Mulheres que inspiram
Uma grande inspiração para Susanne é sua mãe, que criou com esmero quatro filhos.
“Ela não teve uma vida fácil, pois renunciou de sua carreira para cuidar dos filhos e permitir trilhar caminhos por onde ela nunca foi. Sua maior preocupação foi que todos os filhos amassem a Deus e seguissem Seus caminhos. Também admiro as minhas avós. Minha avó paterna teve 12 filhos. Já minha avó materna possuía um gosto peculiar por dirigir (veículos, motos), além da aquisição dos gadgets tecnológicos da época (a primeira TV com controle remoto e o primeiro aparelho de fax eu vi com ela, por exemplo)”, lembra.
Além da família, Susanne se inspira em mulheres batalhadoras que não desistiram nunca. Como exemplo, cita Corie Ten Boon, que foi aprisionada na Segunda Guerra Mundial junto com sua família por esconder judeus em casa. Nos campos de concentração, perdeu grande parte dos parentes. Mesmo assim, não perdeu sua esperança e fé e usou isso para motivar outras mulheres a seguirem adiante. Tornou-se depois uma famosa palestrante, sendo seu maior momento quando perdoou o seu algoz.
Também admira a história de Erin Brockovich, pelo seu exemplo de força e determinação. Por fim, menciona como fonte de inspiração a chanceler da Alemanha, Angela Merkel, “uma líder exemplar, que sem nenhum alarde ou grandes ostentações, cumpre seu papel com dedicação”.
Vulnerabilidade
Quanto à situação de vulnerabilidade da mulher, a advogada mostra-se preocupada, sobretudo com as meninas que engravidam ainda adolescentes, as mães que precisam educar seus filhos sozinhas e as mulheres vítimas de abuso.

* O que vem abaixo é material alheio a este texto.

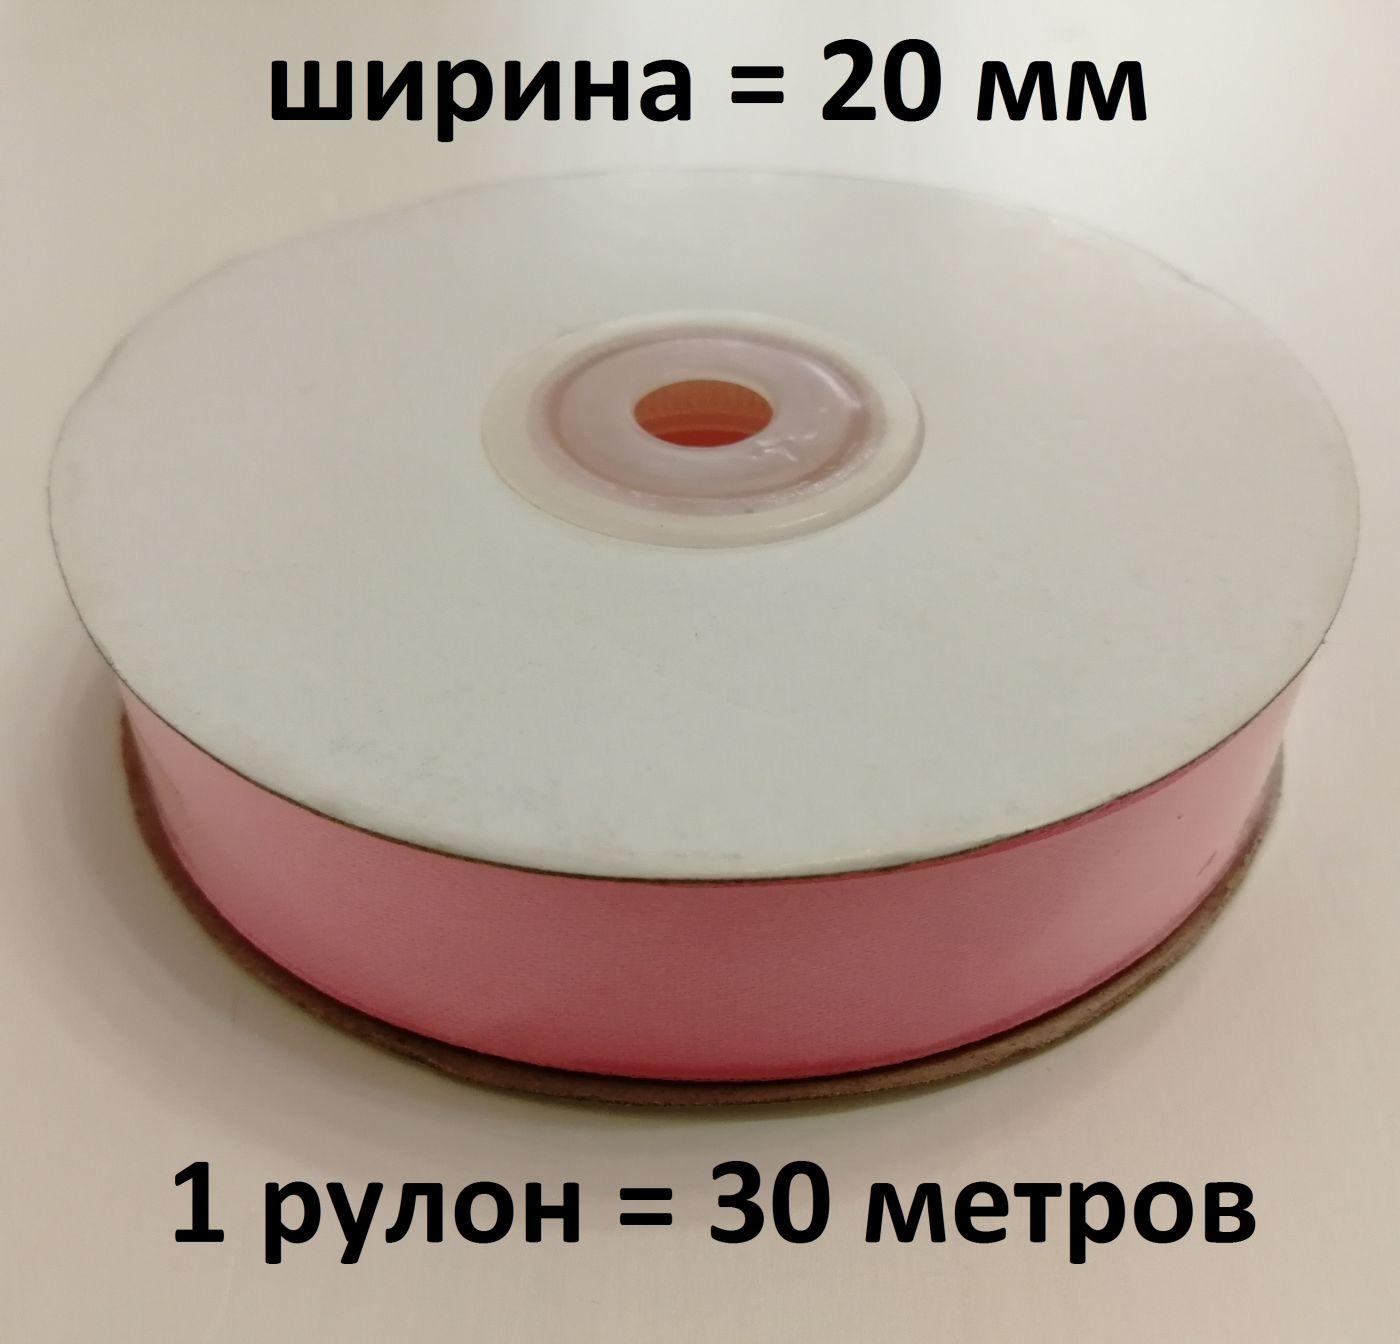 Лента атласная Идеал розовая ширина - 20 мм , длина - 30 метров
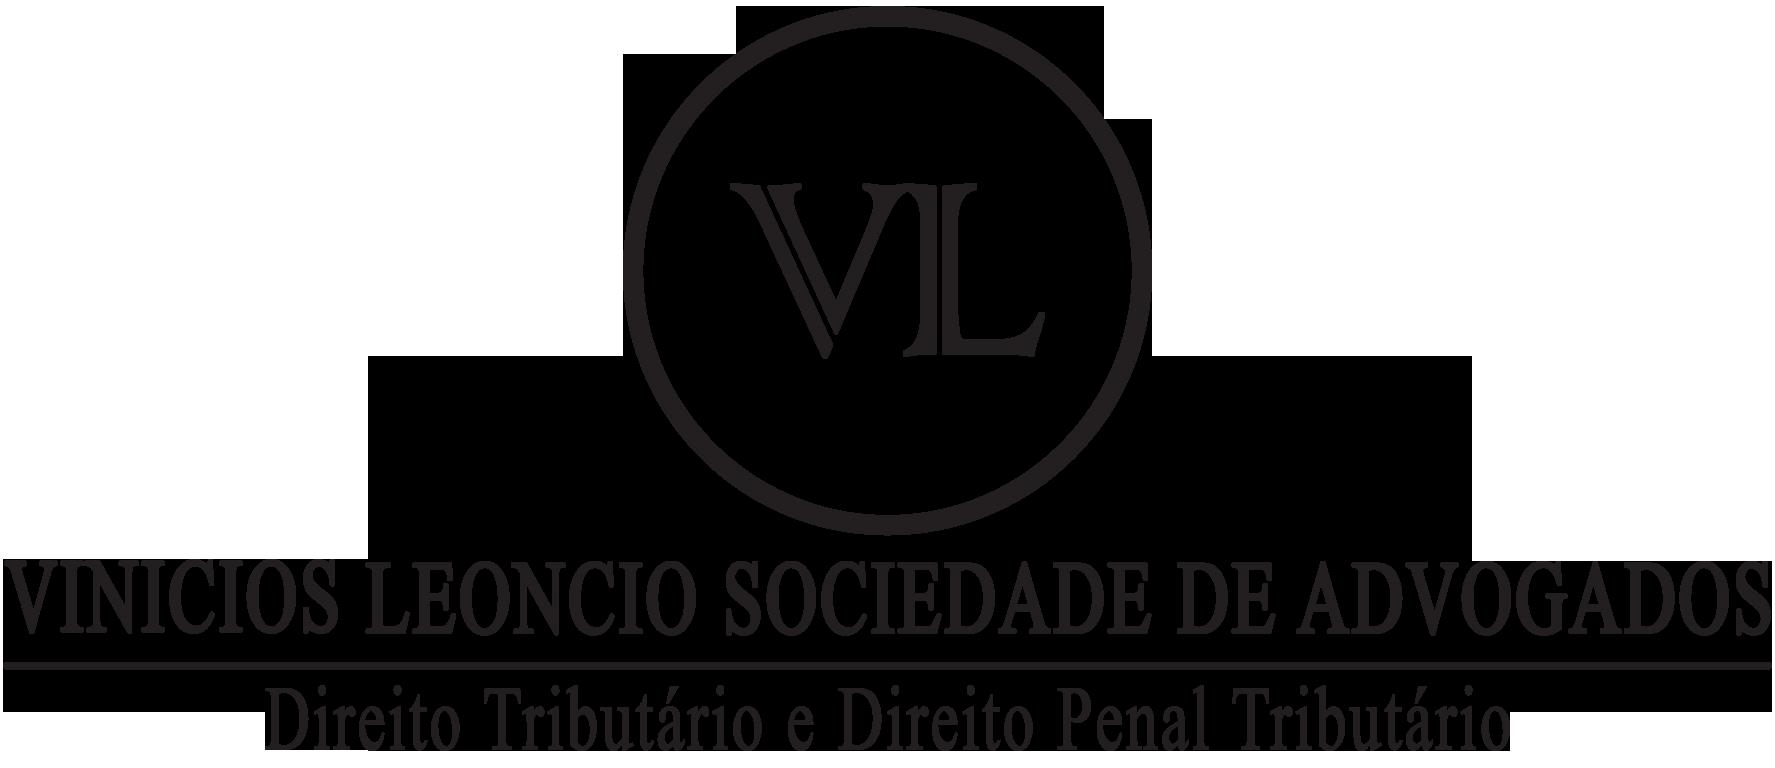 VINICIOS LEONCIO

“Tenho a impressão que vivemos um aspecto bastante cultural, um círculo vicioso que vem se repetindo. Penso que o melhor caminho seja a educação, na qualificação e na busca de melhores oportunidades profissionais. Penso também que o Estado deve olhar com carinho para essas mães e fornecer auxílio, até financeiro, visando reduzir a vulnerabilidade”, afirma.
Mensagem para as mulheres
Para concluir, Susanne deixa uma mensagem para as mulheres:
“Toda mulher importa! Toda mulher é especial! Temos uma grande função em buscar uma sociedade melhor e mais inclusiva. Não vejo que nossa meta seja concorrer com o mundo masculino, mas de trabalharmos em cooperação por um mundo melhor. Que não deixemos nunca de sorrir, mesmo quando o futuro não é promissor. Que não desanimemos de lutar por quem e aquilo que amamos. Que saibamos também renunciar para cuidar de outros. Que saibamos perdoar, quando preciso. Que não sejamos reféns de traumas e pessoas abusivas. Que sejamos sábias em aceitar o que não podemos mudar e mudar o que efetivamente está ao nosso alcance. Que nunca deixemos um coração para o próximo e suas necessidades. Que tenhamos paciência e perseverança em construir, sem alarde, um mundo melhor, pelo menos aos que nos cercam”.